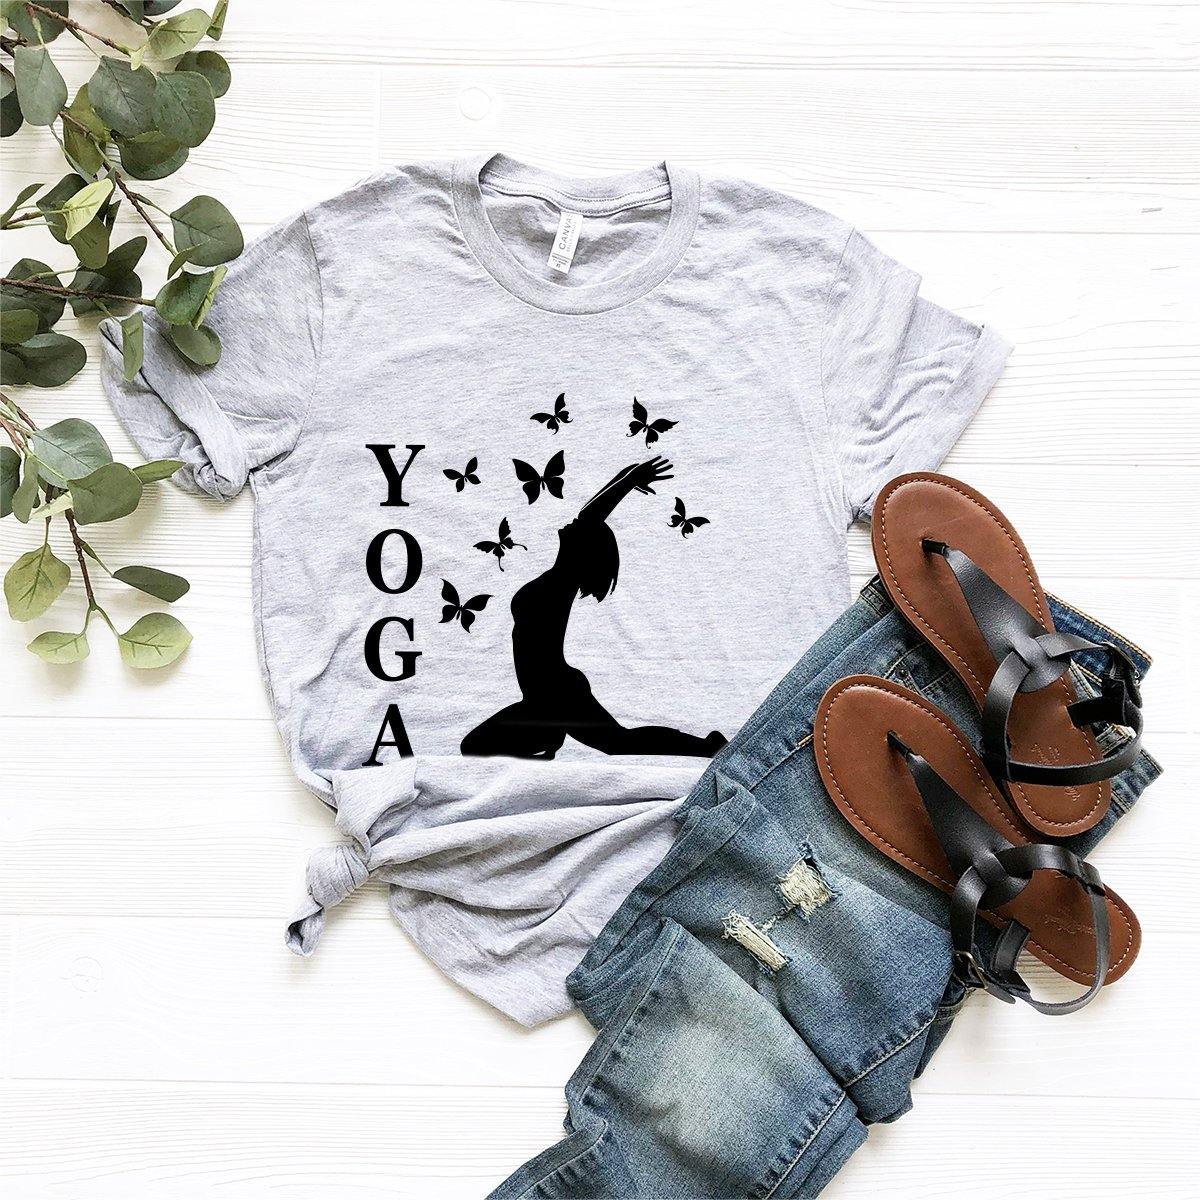 Yogi Women's T-Shirt, Yoga Lover Shirt, Yoga Shirt, Meditation Shirt, Yoga T-Shirt, Inspirational Shirt, Yoga Tee, Yoga Gift, Yoga Pose Tee - Fastdeliverytees.com
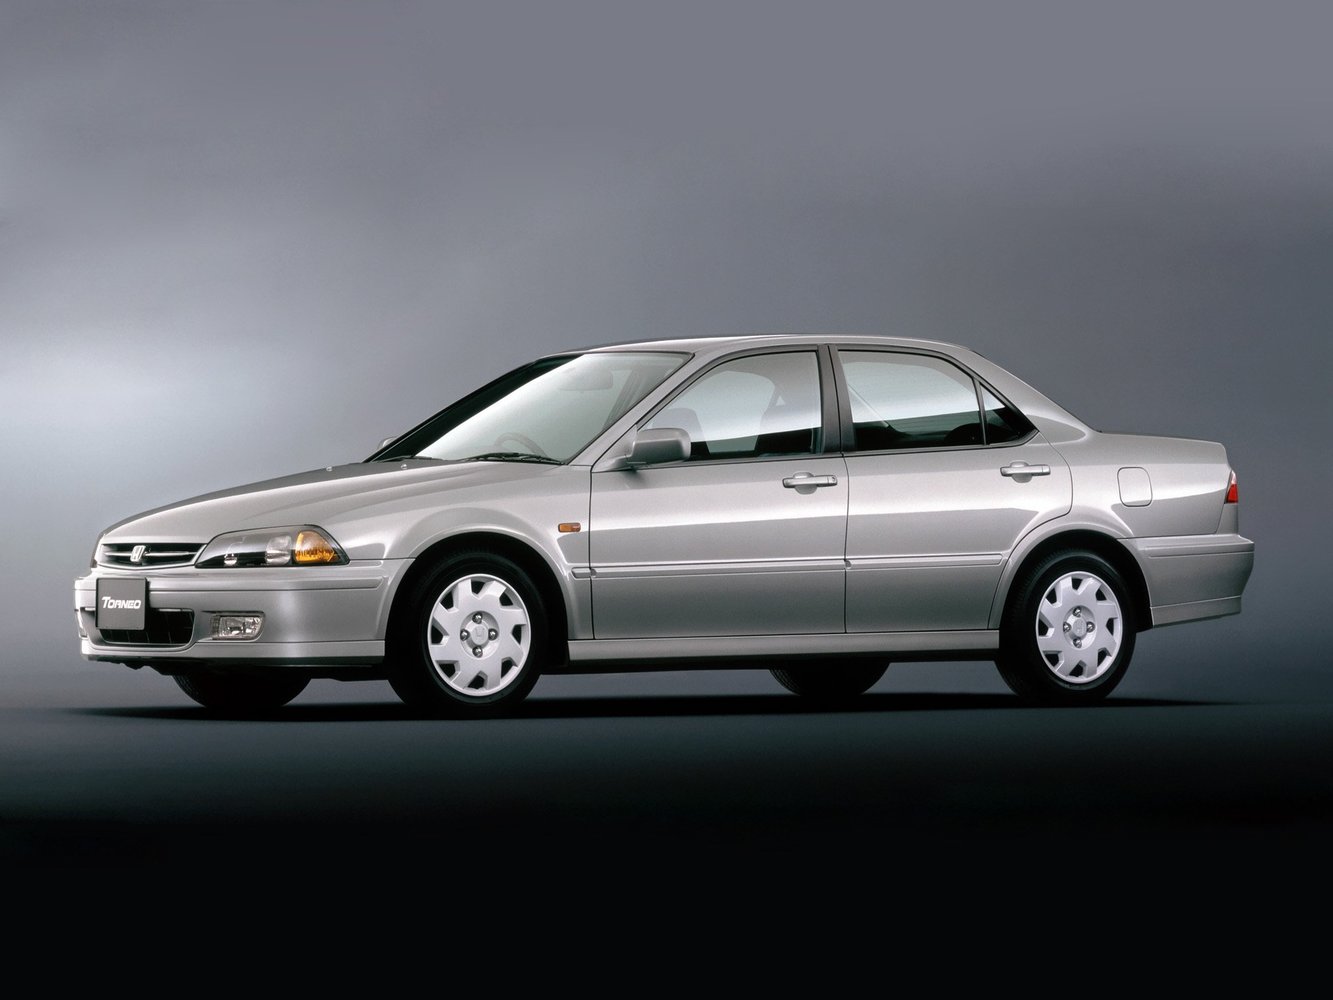 седан Honda Torneo 2001 - 2002г выпуска модификация 1.8 AT (140 л.с.)
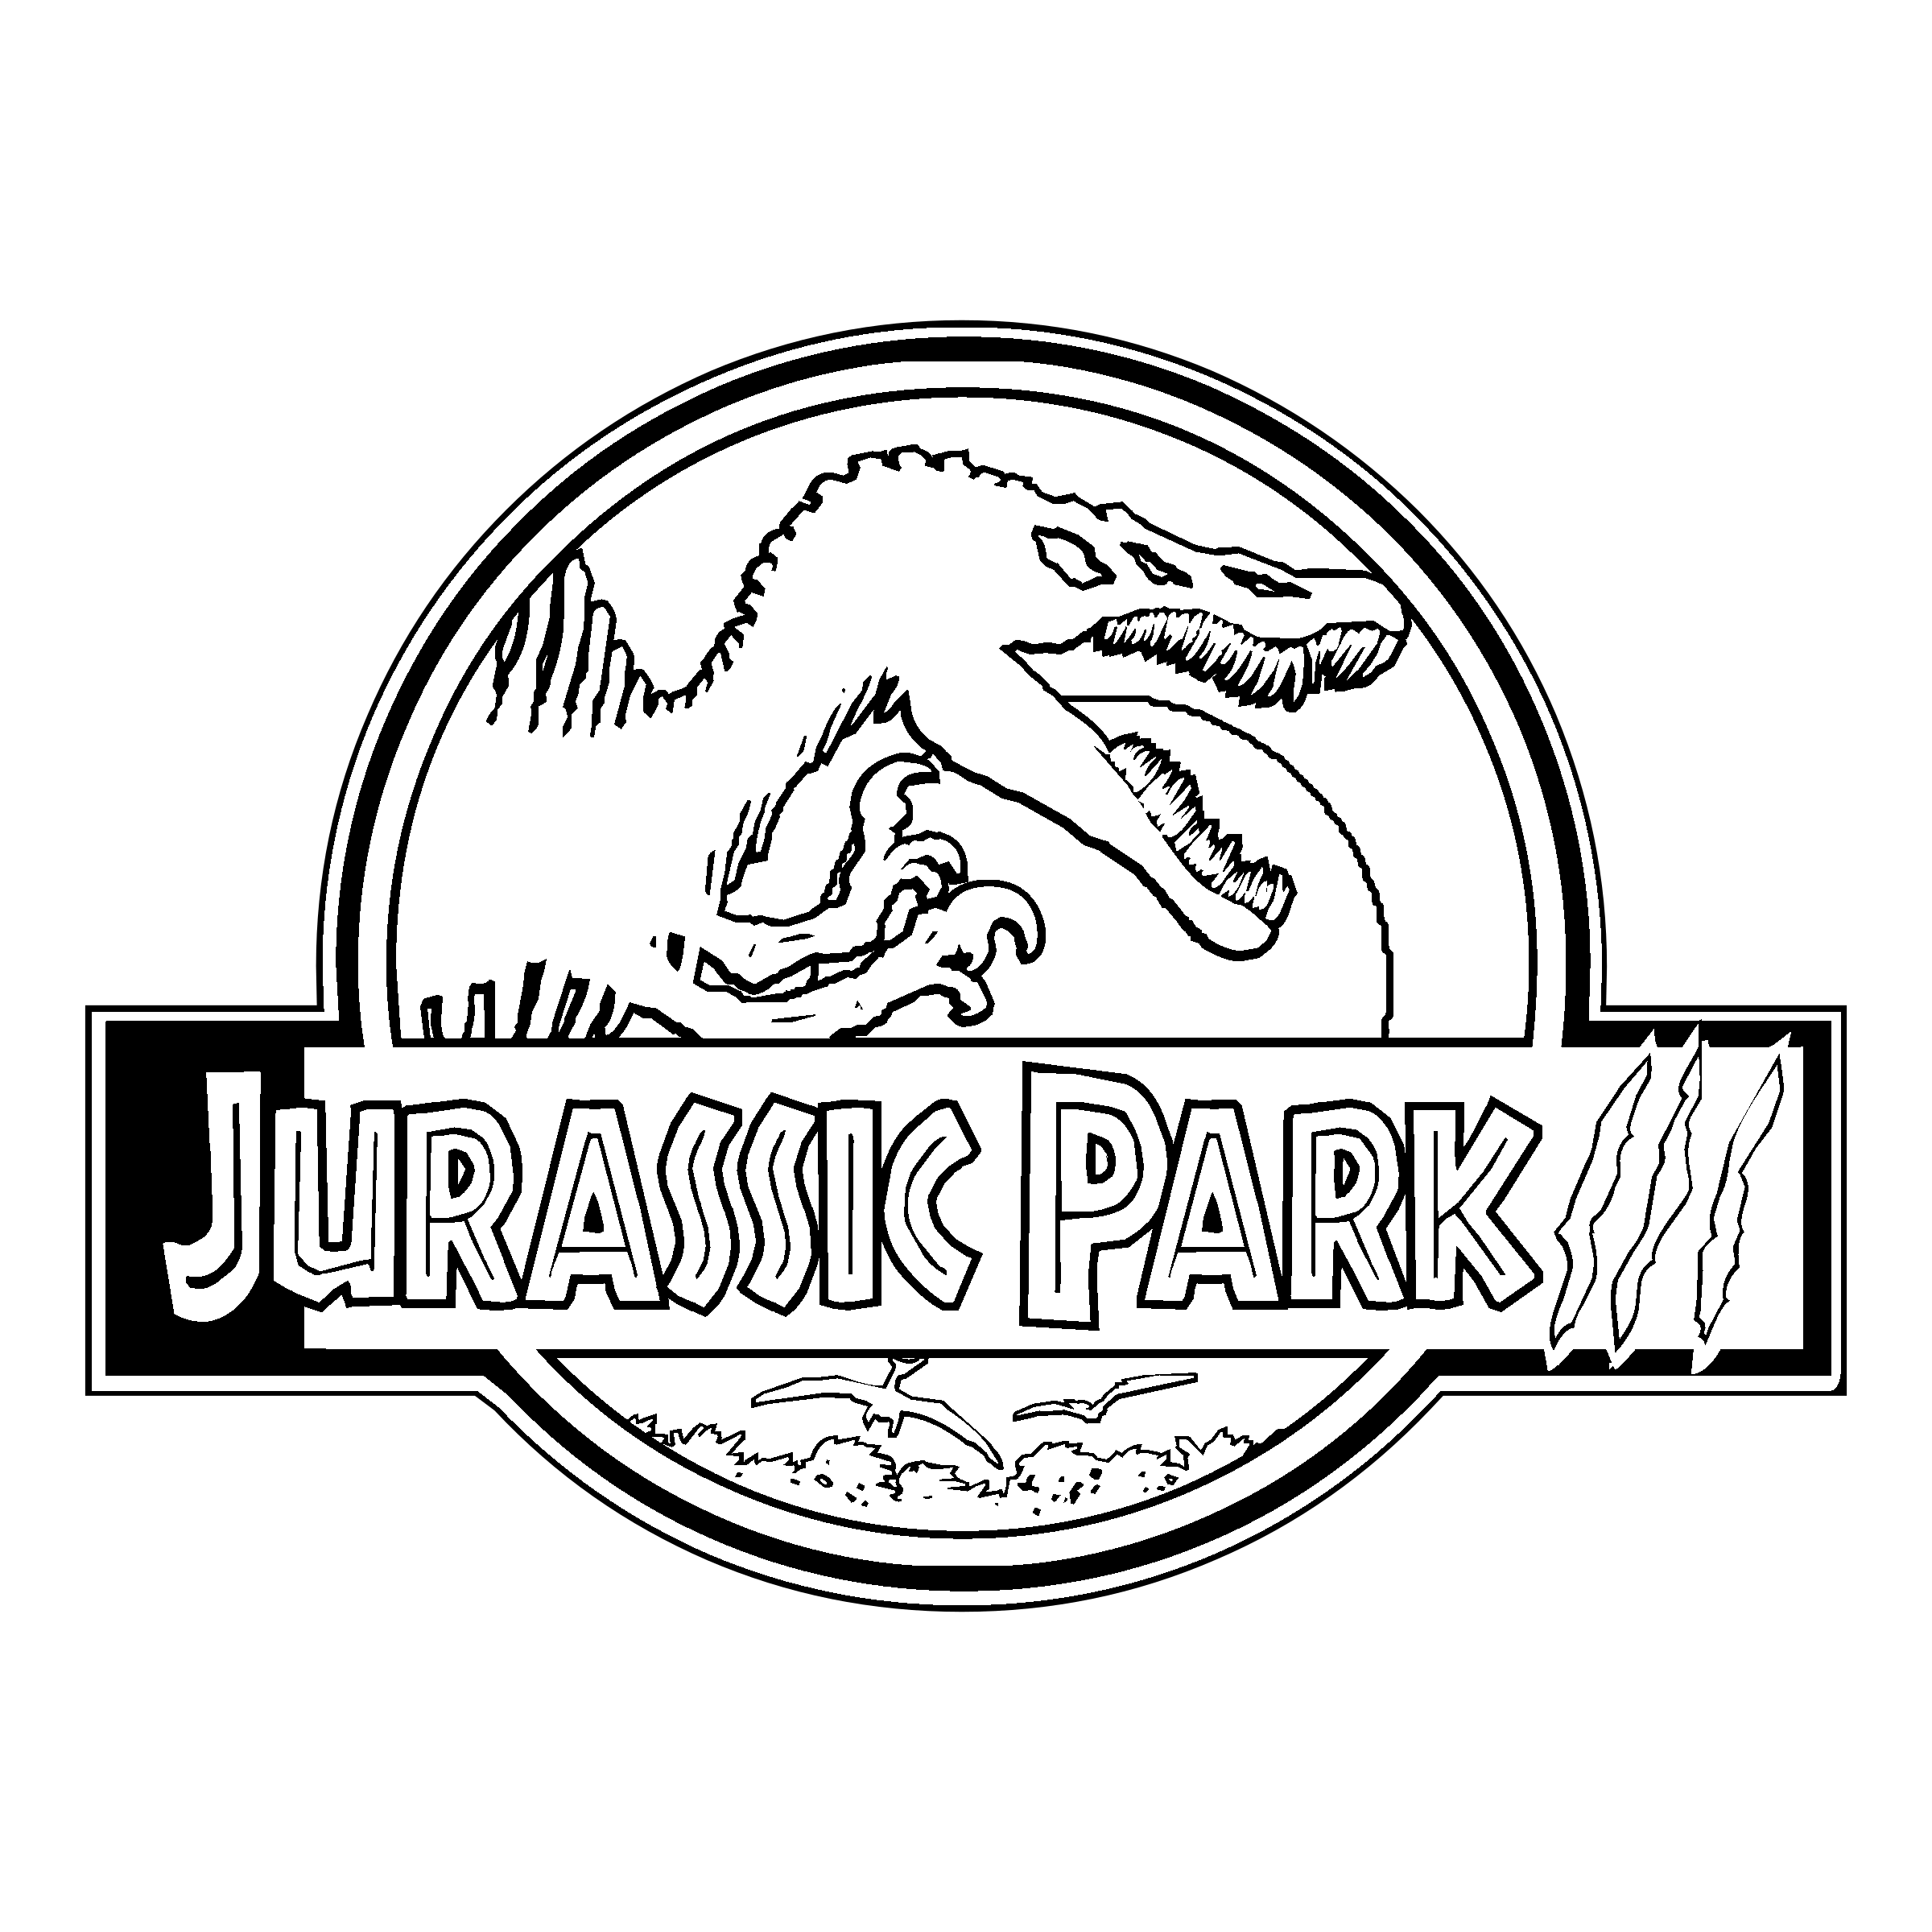 Jurassic Park Black and White Logo - Jurassic Park III Logo PNG Transparent & SVG Vector

* * * * *

• **INSTRUCTIONS TO FOLLOW**
Could you copy exactly, and with no pictures, the lines above from the one containing "седан Honda Torneo" through the last line, both included?

• **REPLY TO THE EXERCISE**
 седан Honda Torneo 2001 - 2002г выпуска модификация 1.8 AT (140 л.с.)
 Jurassic Park Black and White Logo - Jurassic Park III Logo PNG Transparent & SVG Vector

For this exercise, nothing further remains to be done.